For some time they were nameless. What to call them? Eventually, our boarder gave them names that stuck. The two, though from the same litter, were totally opposite in personality. One was high-strung and nervous, like a cat whose tail has just been stepped on. That one he named Uptight Cat. This cat grew to be lean and fast. He looked like a miniature black jaguar.
The other cat grew up to be fat and happy; about as relaxed as a cat can be. This one the boarder named Loose Cat. He claimed
that Loose Cat’s calm personality could be attributed to the fact that he once stole into the boarder’s bedroom and ate a whole gram of hash. The boarder also kept a few joints rolled up and stuck in a cup on his desk. More than once, Loose Cat took a joint from the cup and chewed on it for a while. Needless to say, the name really fit.
CAT AND DOG INTERACTIONS
We remodeled a house in Kodiak and settled in. We added two dogs to our family: a foxy little Norwegian Elkhound named Sheba, and a big, gangly Great Dane-Labrador mix named Sabir. Sabir and Loose Cat became great friends. Once, Loose Cat came home from a hunt with a large rat in his mouth. He gave it to Sabir, who happened to be entertaining a guest dog from next door. The two started playing with the rat, which was still alive. It escaped and ran under the little travel trailer, parked next to the house. Loose Cat ran under the trailer, caught the rat again, and gave it back to the dogs. I can only imagine the unspoken message between cat and dog: “Here it is again — now, don’t lose it this time.” The dogs must have understood, as they promptly killed the rat.
THE GREAT ESCAPE ARTIST
We often went by skiff to Spruce Island, a 10-mile trip by water, to work on our homestead. I remember once when we were loading the skiff, we carried Uptight Cat to the loading ramp. The cat was sealed in a cardboard box, making him extremely unhappy. He told us in no uncertain terms that he wanted out! We left him in his box on the boat ramp and went back to the truck for another load. When we returned, the box still appeared to be sealed, but Uptight Cat was sitting on top of it. After that, we just put the cats in the skiff. Uptight Cat hid in the gunnels until we reached shore again.

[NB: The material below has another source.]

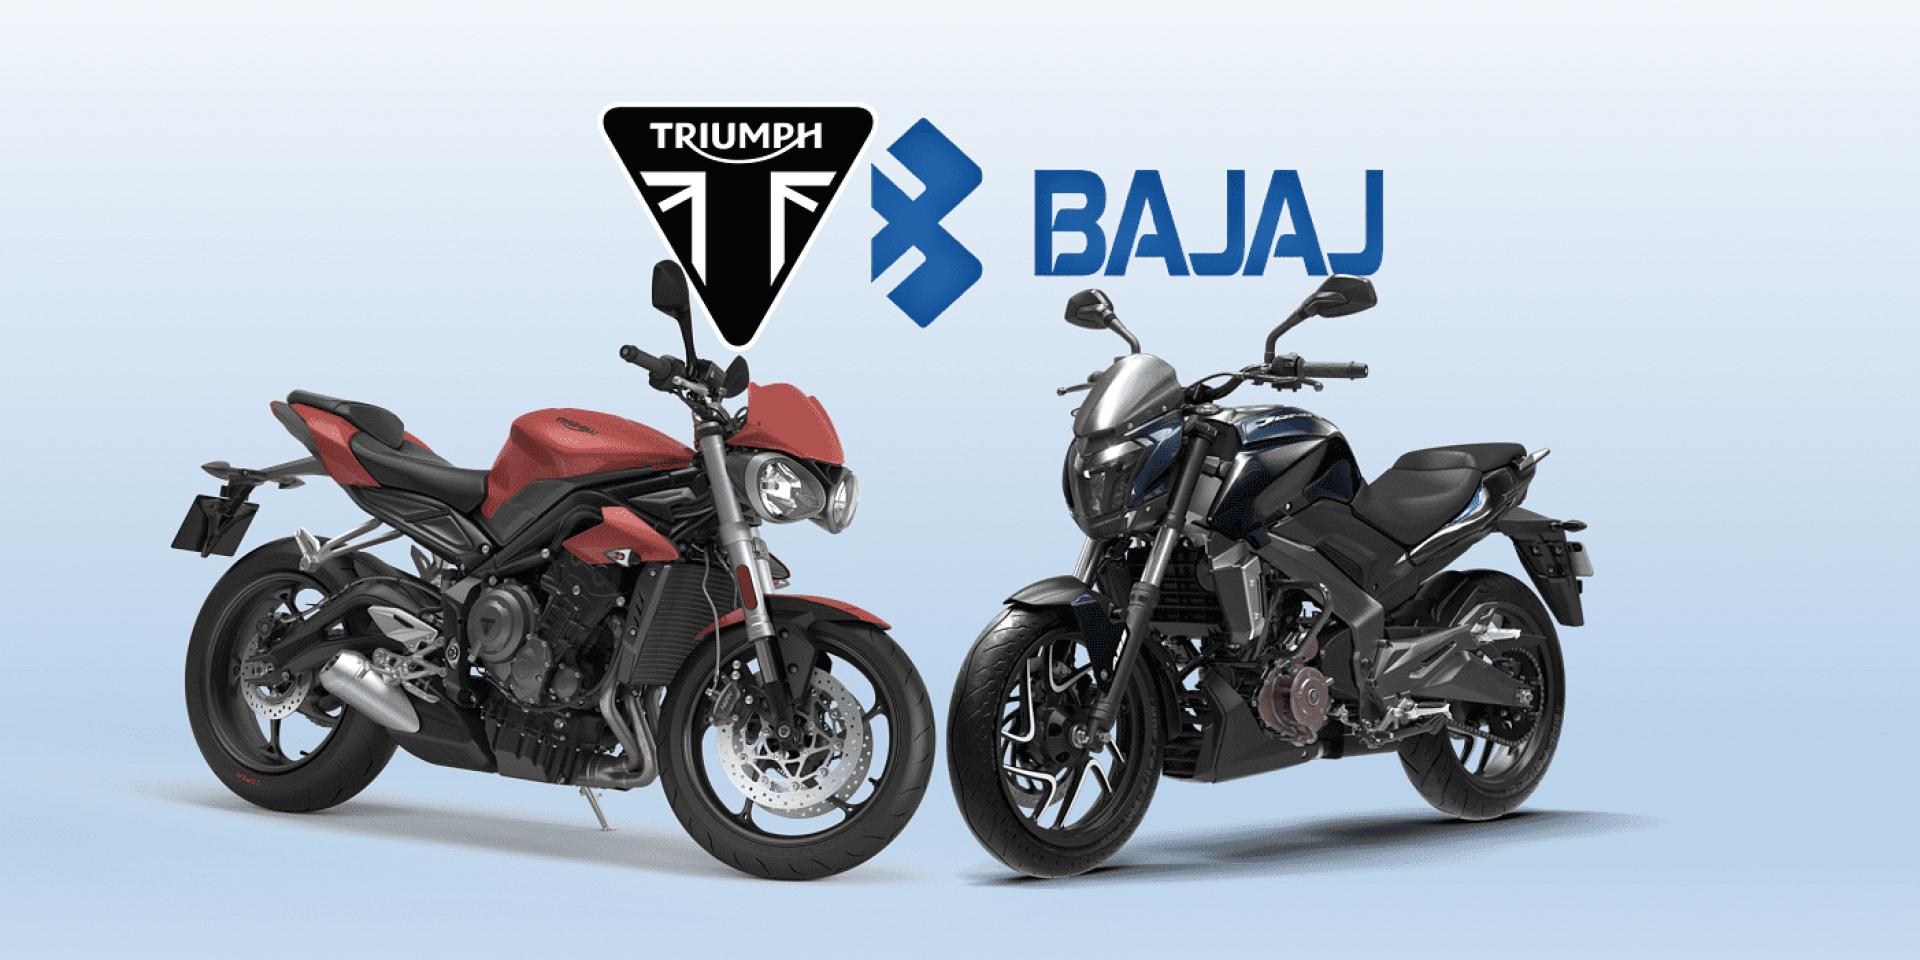 疫情衝擊,TRIUMPH-Bajaj合作車款推遲至2023年發表!

THE CATS LEARN ABOUT CAMPING OUT
When my husband was discharged from the navy, we went to Colorado for a couple of years. As we were traveling by truck and pulling a camper, we planned to spend our nights in campgrounds along the way. We decided it might be a good idea to harness the cats and keep them on leashes to keep them safe.
“Not on your life,” chorused the cats. When we put the harness on Uptight Cat, he again put on his Great Houdini act. He twisted and wiggled until he somehow got out of that harness.
Not so Loose Cat. We put the harness on him, snapped on the leash, and tried to convince him to walk with us. He simply laid down. We could have dragged him anywhere on that leash, but he was not going to be submitted to being led around like a mere dog.
Thereafter, we just left them in the trailer until we were camped for the night. Then we let them out and they explored and hunted, coming home at dinner-time. In one campground, I sat on a hillside, writing in my journal. Les was below me, talking to some nice folks who were camped next to us.
From out of the brush, Uptight Cat came speeding toward camp, chasing a small, terrified chipmunk. The chipmunk ran into the group of people, frantically seeking a hiding place. He found a good one — he ran right into the lady’s pant leg and up her leg. She began dancing around, screaming, “Get him out! Get him out! Her husband finally retrieved the tiny creature and gave it to Les, who put it in his shirt pocket until the cat stopped searching for it. Then Les put it high in a tree, where it was safe at last.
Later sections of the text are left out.